Pulitzer Prize–winning poet Smith (Creative Writing/Princeton Univ.; Life on Mars, 2011, etc.) grew up in Fairfield, California, a solidly middle-class suburb, with four older siblings and doting, supportive parents. After a career as an Army engineer, her father worked in Silicon Valley; her mother, a former teacher, was a devoted member of the First Baptist Church. Sheltered by her community and family, Smith had little sense of her black identity until she spent two “sweltering and long” weeks visiting relatives in Alabama. Her grandmother, she learned, still cleaned for a white family; her own house smelled of “cooking gas, pork fat, tobacco juice, and cane syrup.” Suddenly, Smith was confronted with a new image of her parents’ Southern roots, and it frightened her. Back in California, though, that visit receded into memory as she excelled in school, had a chaste epistolary love affair with a teacher and racked up achievements for her college applications: various extracurricular activities, writing for the school paper and starting a Junior Statesman of America club.
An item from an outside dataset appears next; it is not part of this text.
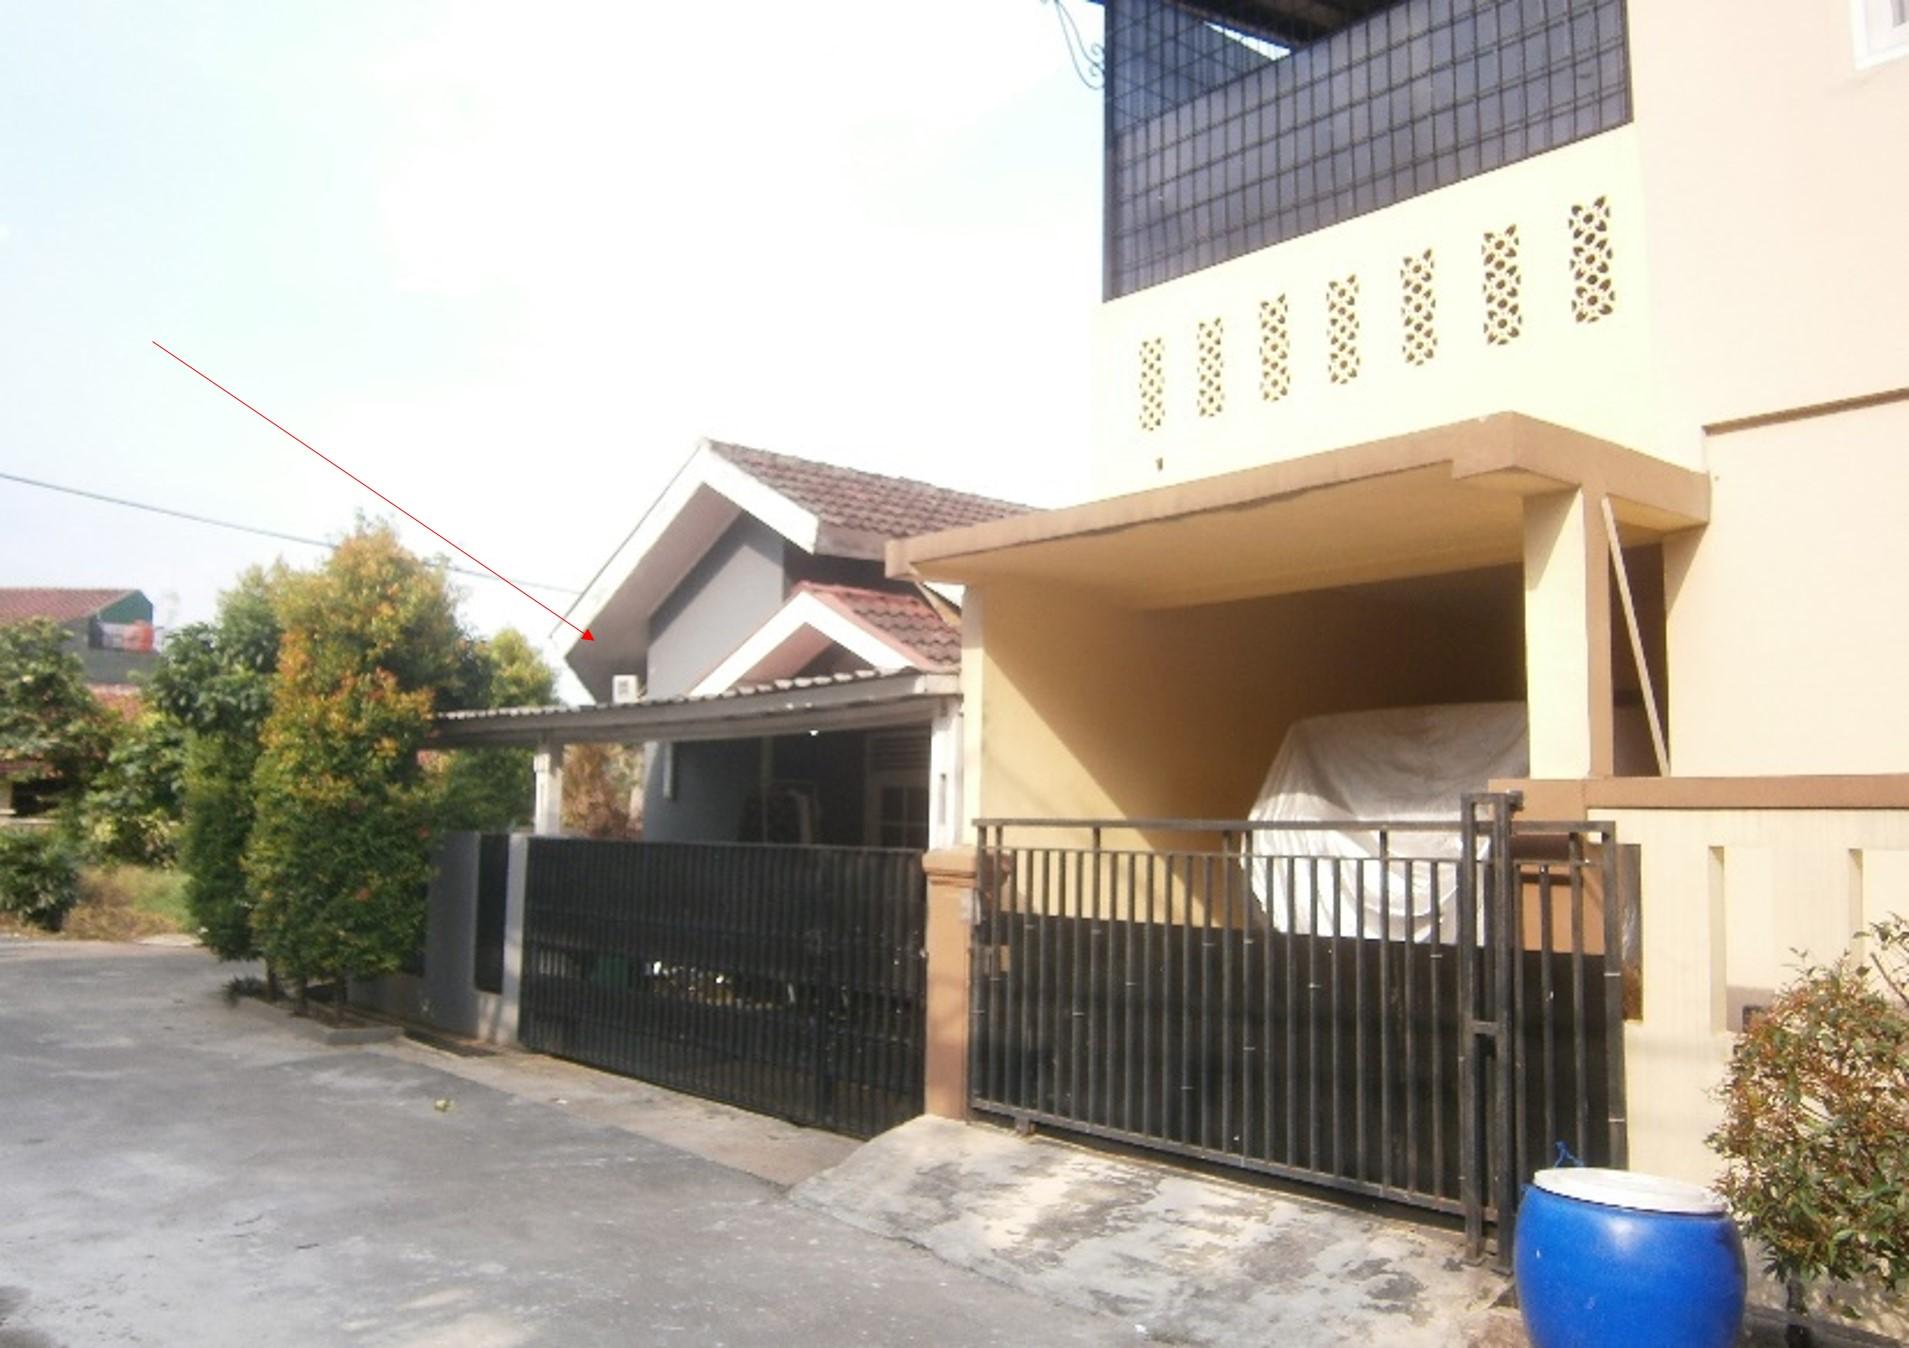 Dilelang Sebidang tanah seluas 110 M 2 berikut bangunan (Rumah Tinggal) di Pamulang

Teachers encouraged her, including one who remarked that as an African-American woman, she should “take advantage of the opportunities that will bring you.” Smith resented the idea that her success would be based on anything other than her own talents, but when she was accepted at Harvard, the comment gnawed at her. Besides being a candid, gracefully written account of dawning black consciousness, Smith’s memoir probes her relationship with her mother, whose death from cancer brackets the narrative. The author’s drive to leave Fairfield was fueled by her “urgent, desperate” need to separate herself from her mother; in college, she became militantly black, “caught up in the conversation about Identity” and judgmental about her mother’s beliefs.

Guilt and regret pervade Smith’s recollection of her mother’s illness and death, darkening the edges of this light-filled memoir.